Hi dawnraider & GerryD yes I can understand this but would think most people would go back to supplying dealer who then would charge Swift? and /or say dometec? just wondered?I have no doubt Swift would have figures as to how much they paid out to dealers,but none of my buissness as to how much :lol: just % of breakdown not attributed to maker?WE may find out as to which is more reliable Trauma or Waco say ?or do they use because of reliability or price?I suspose you could go onto alsorts of percieved quality /reliability
terry


----------



## maddie (Jan 4, 2006)

Hi rowley,I put it here as I know that swift & jcm both moniter the site so that I may get a reply,Both of these are the ONLY manufacturer / dealer brave/proliffic enough to post on here.I would bet a pound to a penny that the failure figures will be down next year at Swift.I cannot see hymer passing these on :lol: or any other
terry


----------



## pippin (Nov 15, 2007)

I agree with GerryD.

In my time as a TV repairer I would have been very rich indeed if I could have charged for every visit where it was 
"set OK, customer faulty"!!!!

Motorhomes are similarly complicated so dealers/manufacturers must spend an awful lot of time(=money) on non-faults.

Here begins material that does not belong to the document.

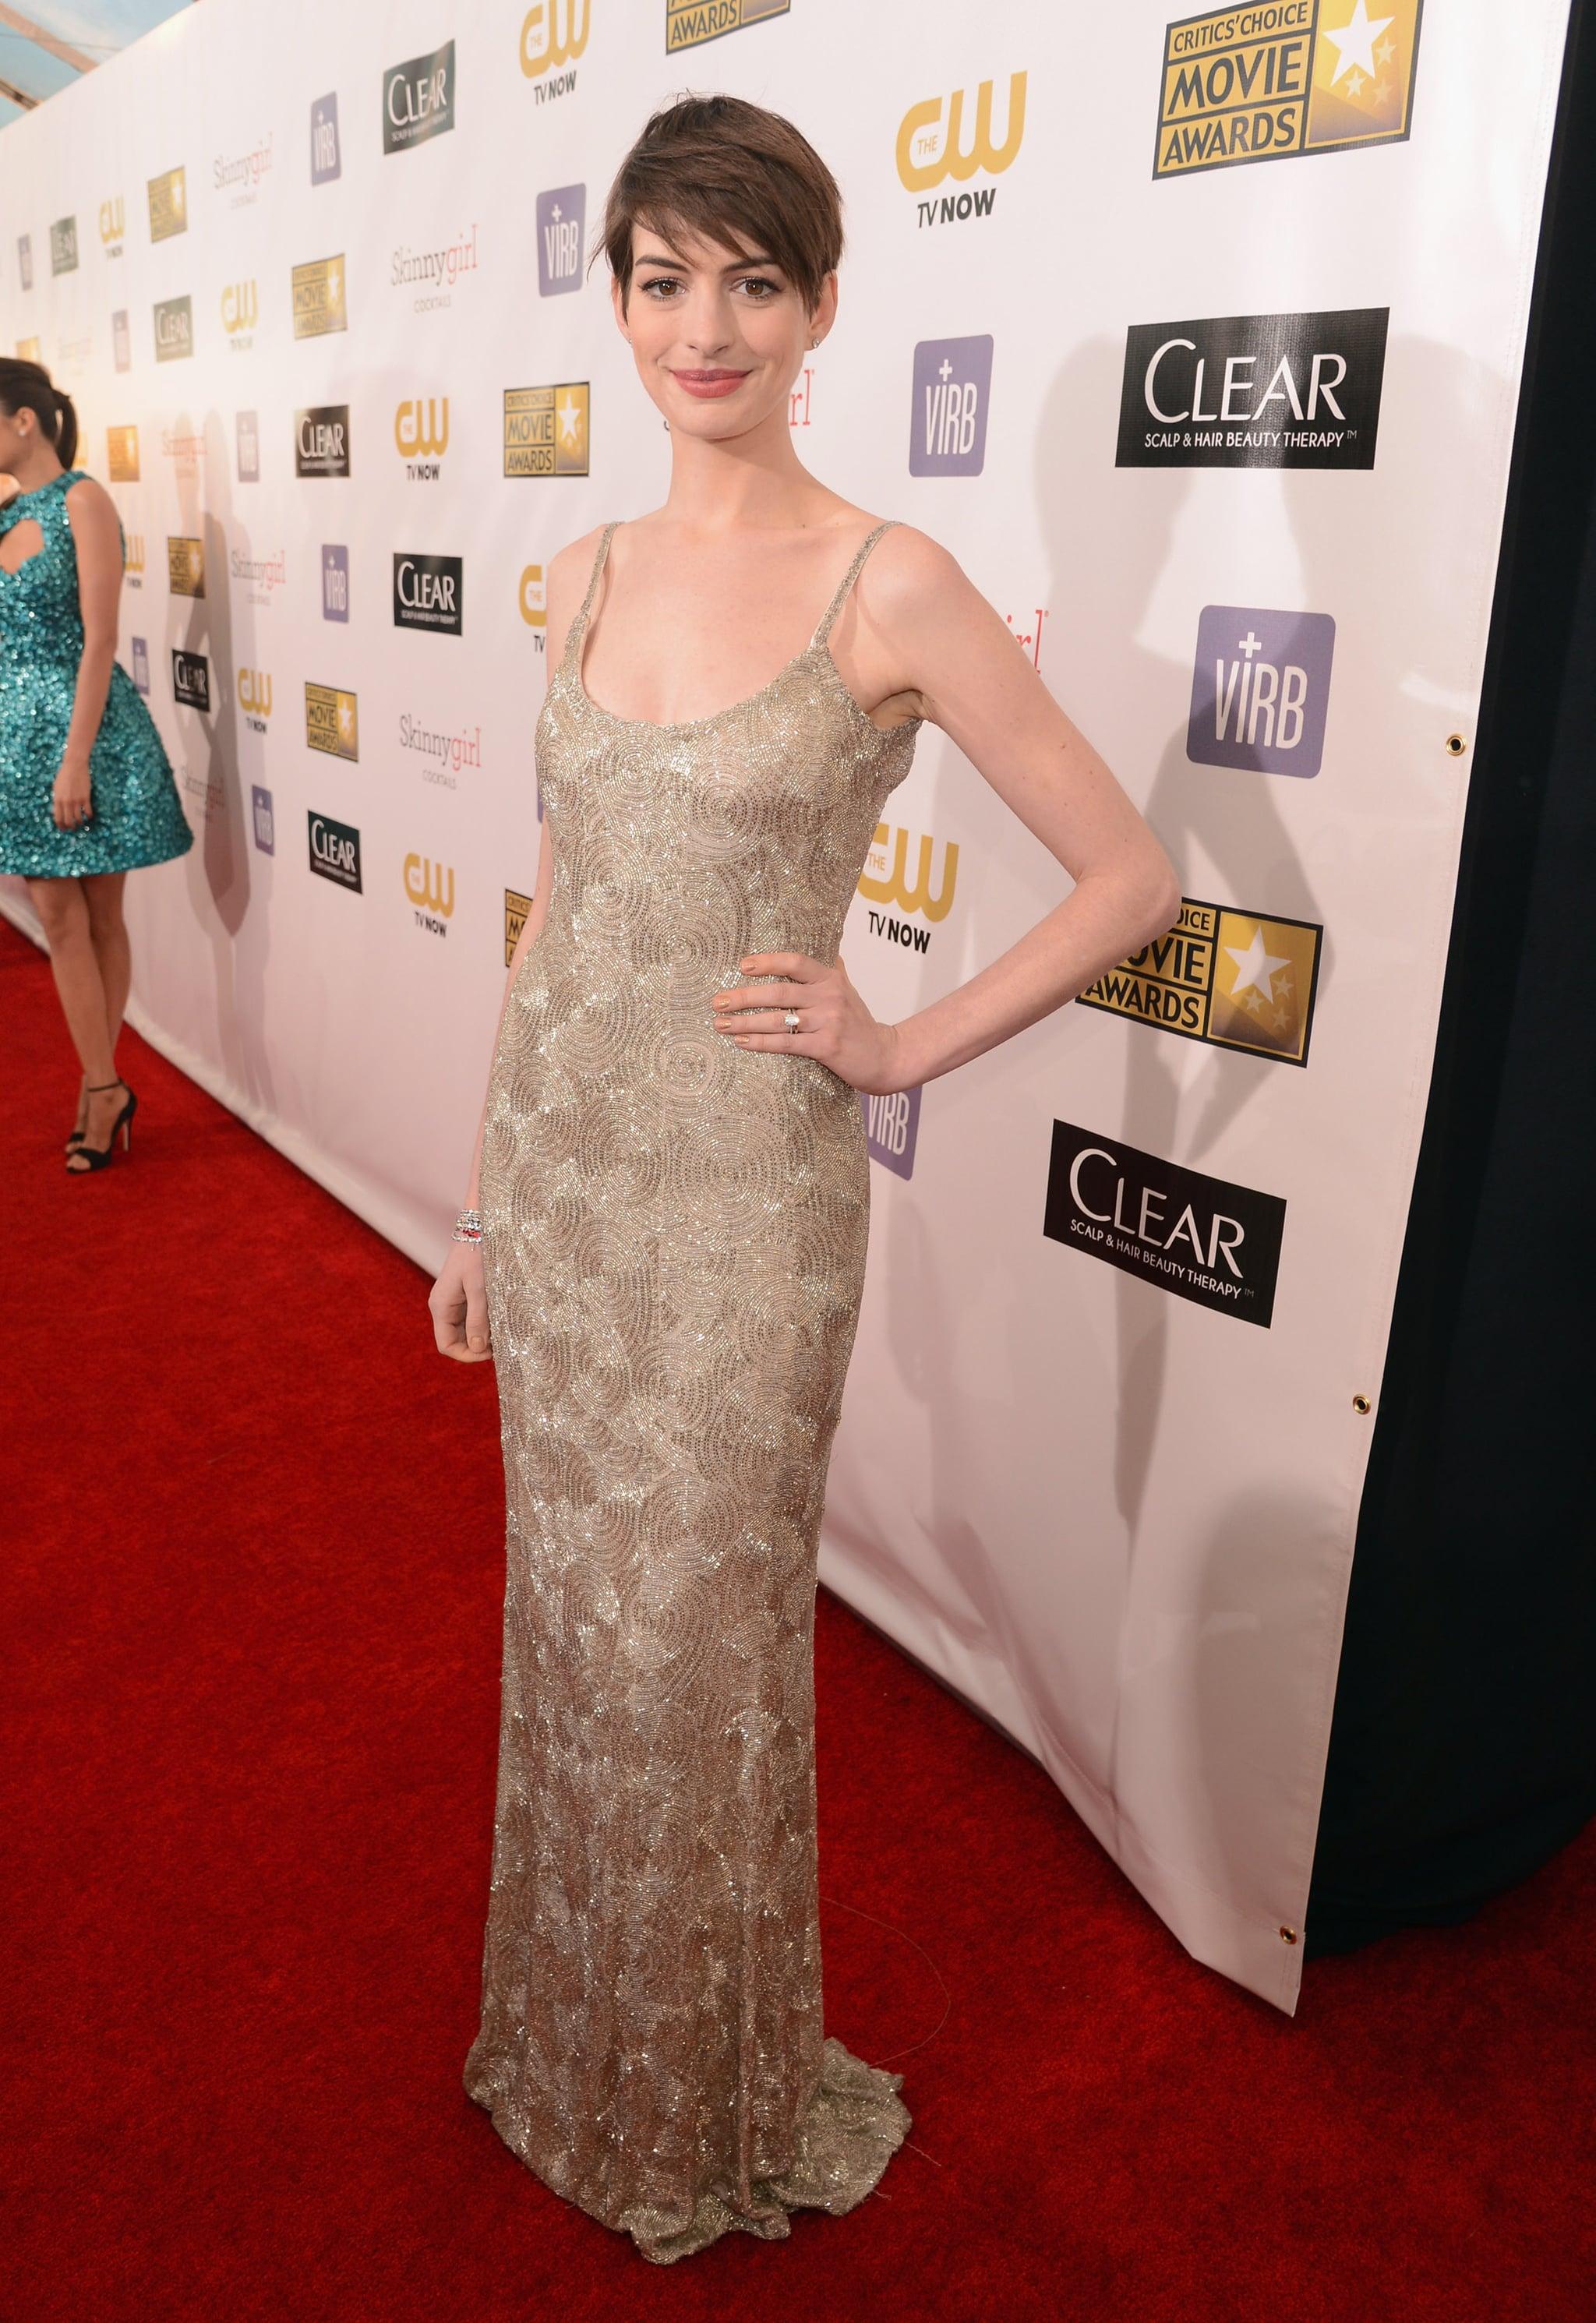 Anne Hathaway: Presenter

Slighlty drifting off-topic but some manufacturers do make things difficult for the customer.

For example on our Hymer Transit MK7 base, the aircon comes on automatically when the ventilation controls are set to clear the windscreen.

Dealers must rue the day that Ford thought of that clever idea because they have been inundated with reported "faults" by people who have not read the manual which clearly states that the aircon comes on when windscreen is selected.

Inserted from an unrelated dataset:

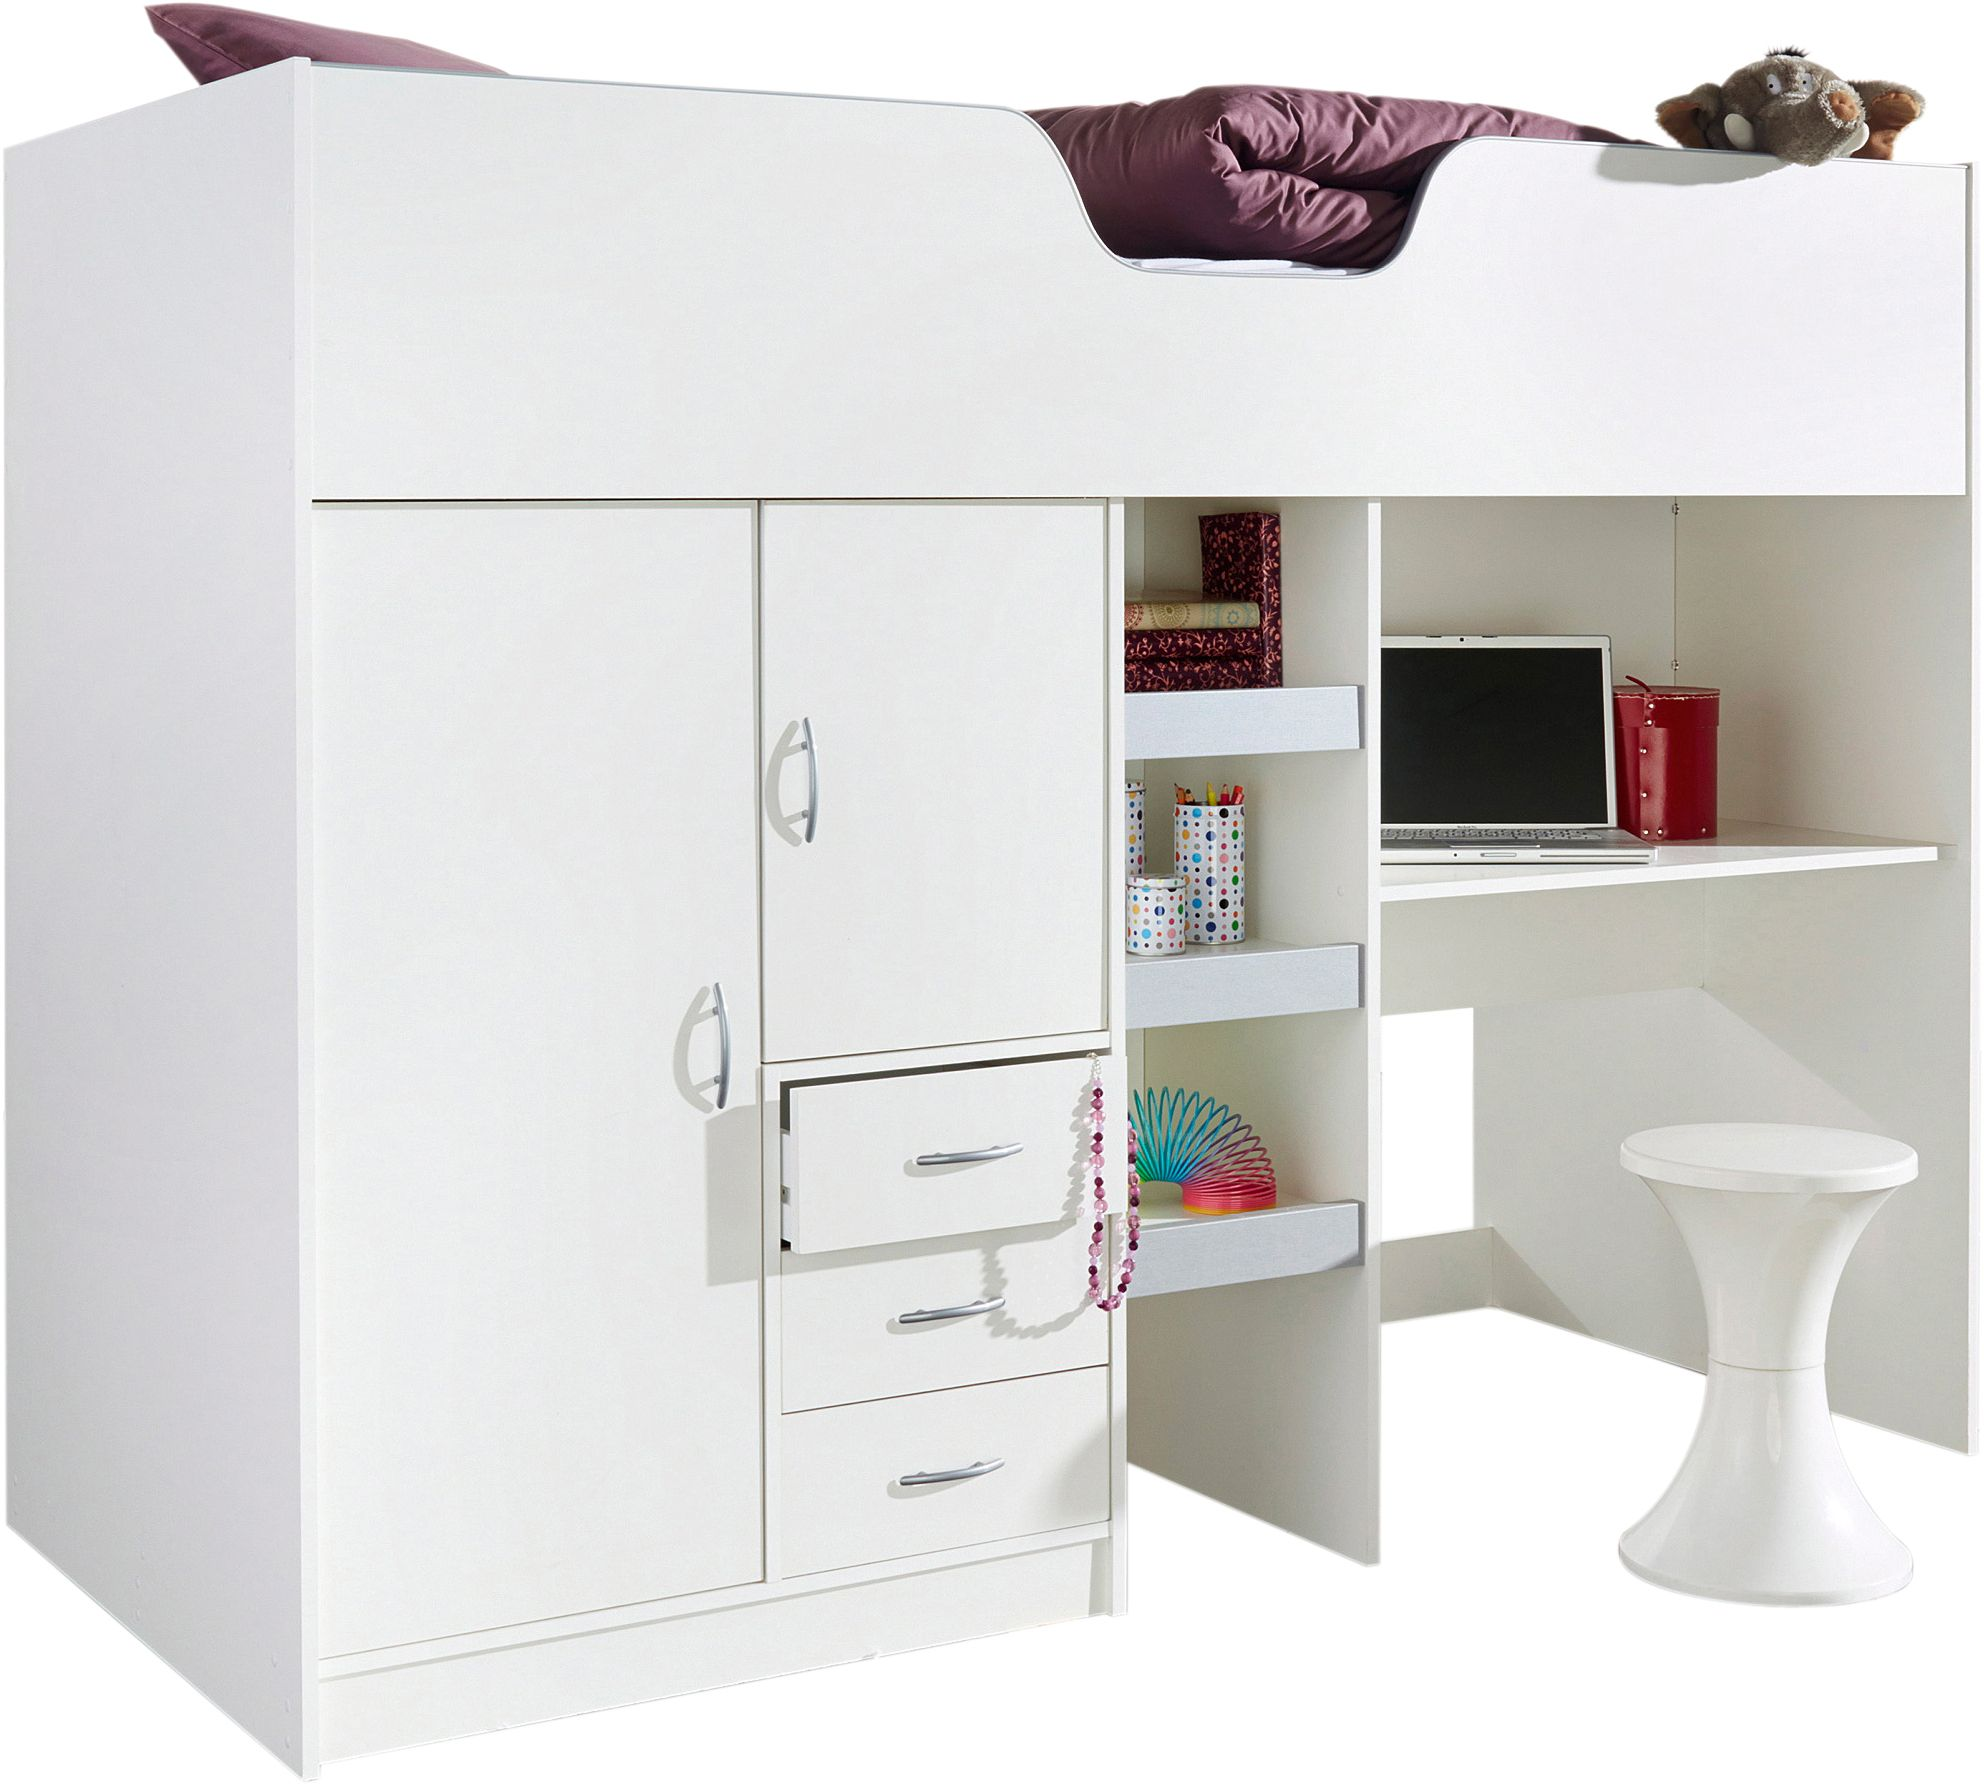 hochbett g nstig online kaufen beim schwab versand. Black Bedroom Furniture Sets. Home Design Ideas

Take the Trumatic 6002EH system. 

In the manual the small pictures of the two controls and the text are confusing to the extreme. As are the marking on the actual knobs.

Why oh why did they use the same flame symbol on the power selector and the function selector to denote different things!

On the power selector knob the flame symbol denotes, quite logically, gas operation.

On the function selector knob the same flame symbol is used to denote hot air heating, which can be powered either from electricity or gas or both! Totally illogical.

I wonder how much time and money has been wasted by dealers in explaining the operation or advising that it is not faulty, due to confusion.

I have doctored the pictures (from the web) with boxes of text to make it clear, printed it out and pasted it up by the controls.

If anyone would like a copy of the .doc with the piccies of the Trumatic controls then PM me your email address.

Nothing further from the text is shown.